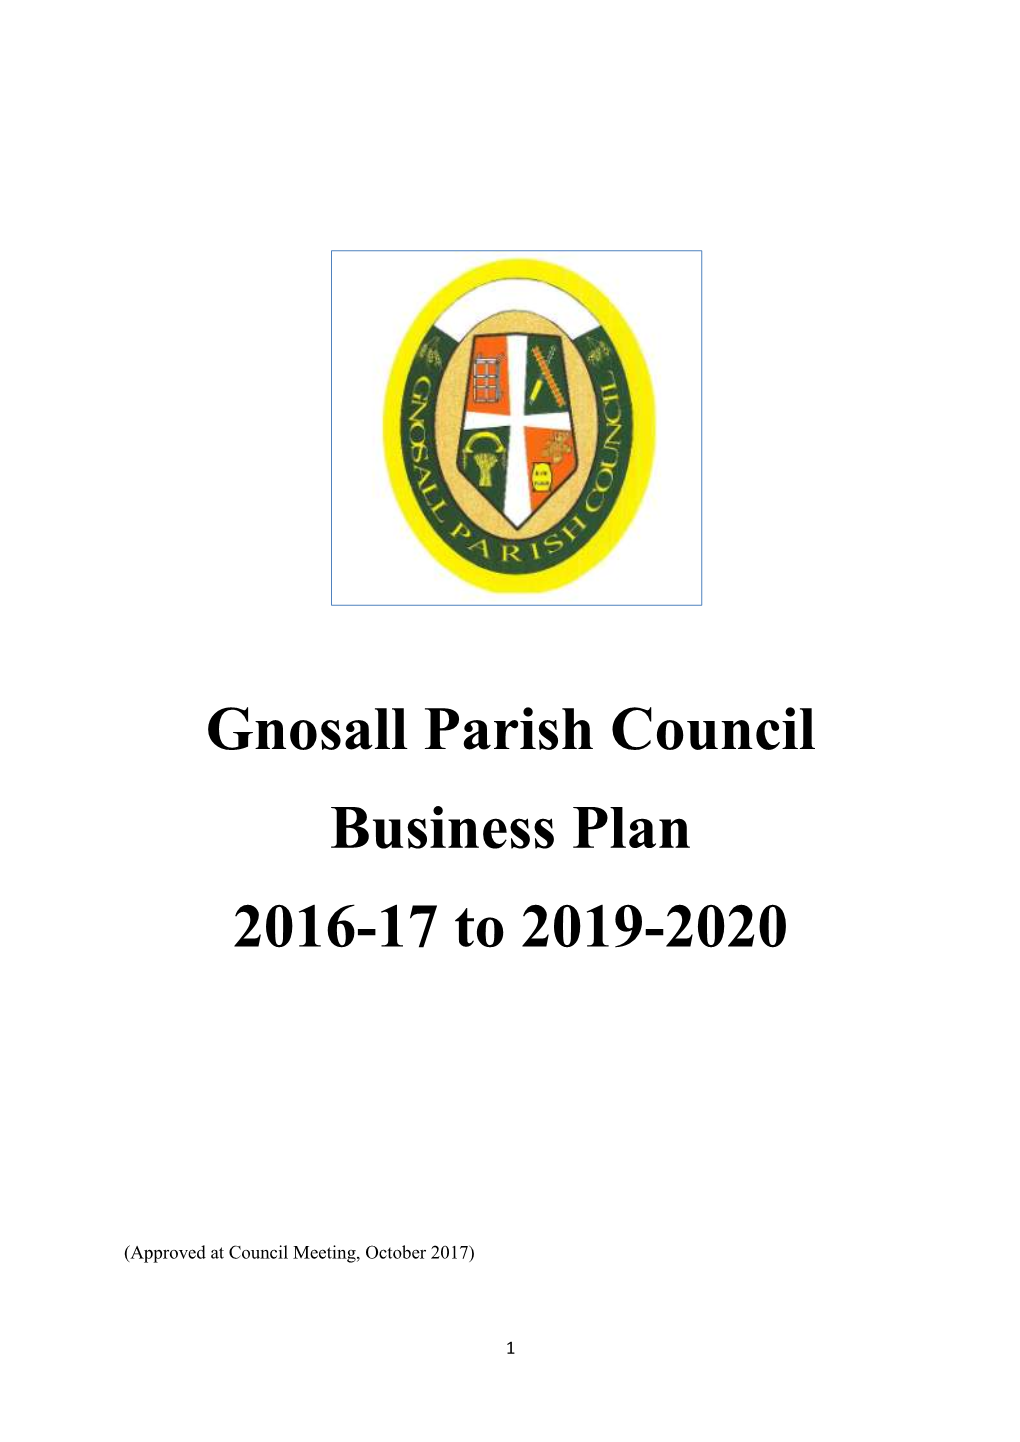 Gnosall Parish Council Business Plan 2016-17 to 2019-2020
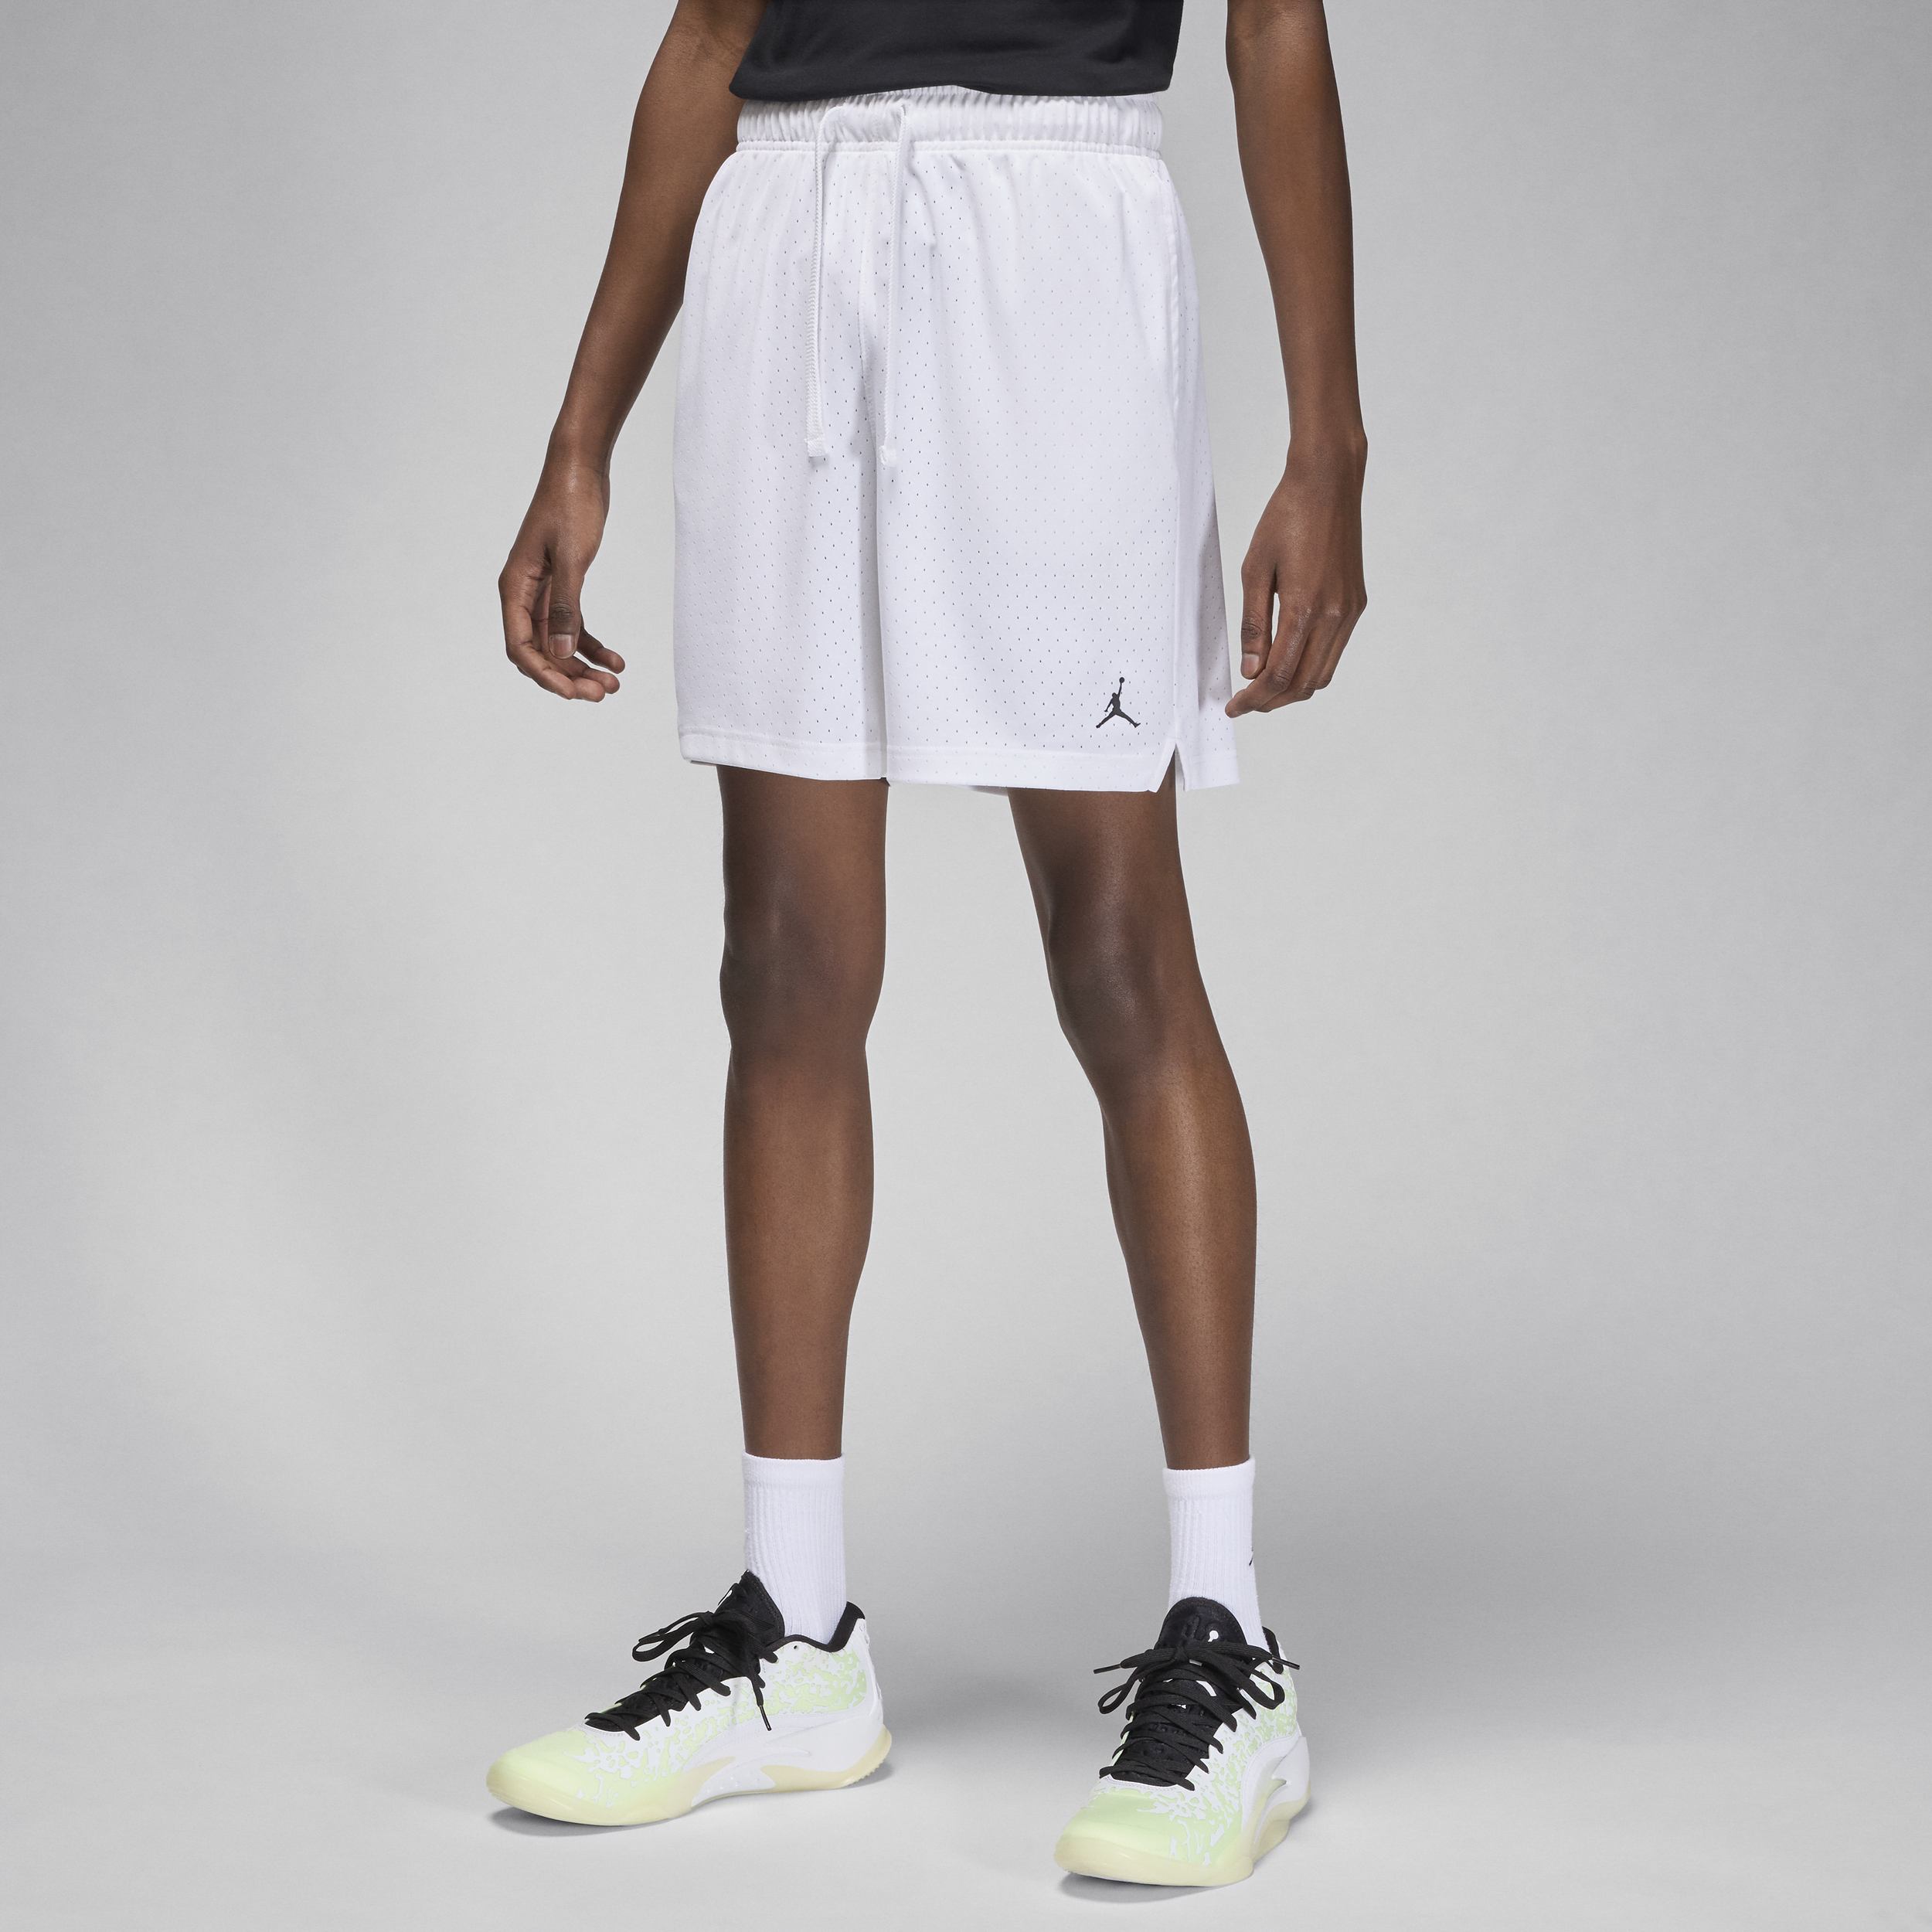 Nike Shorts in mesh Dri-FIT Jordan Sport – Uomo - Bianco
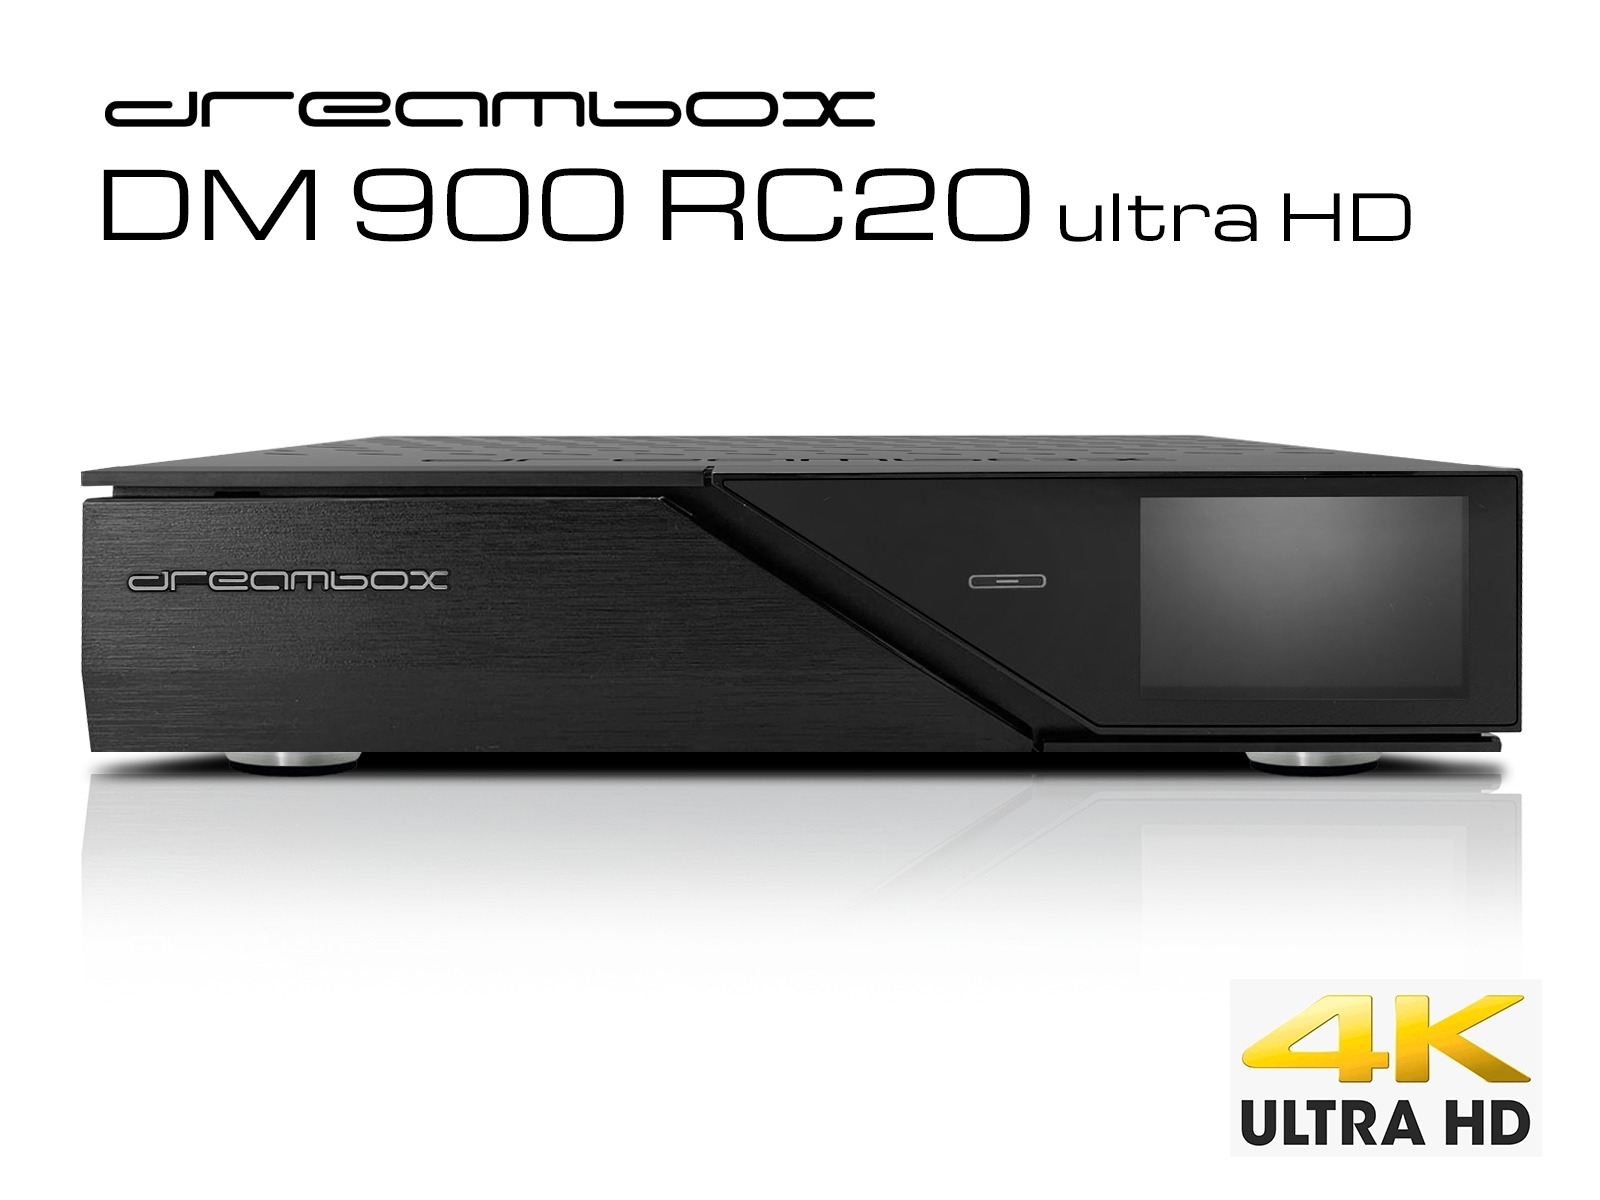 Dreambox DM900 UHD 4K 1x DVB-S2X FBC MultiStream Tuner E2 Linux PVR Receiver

--

- [What the exercise asks] Leave out the images and repeat the rest of the data word for word.

- [Task solution]
 Gnosall Parish Council Business Plan 2016-17 to 2019-2020
 Nike Shorts in mesh Dri-FIT Jordan Sport – Uomo - Bianco
 Dreambox DM900 UHD 4K 1x DVB-S2X FBC MultiStream Tuner E2 Linux PVR Receiver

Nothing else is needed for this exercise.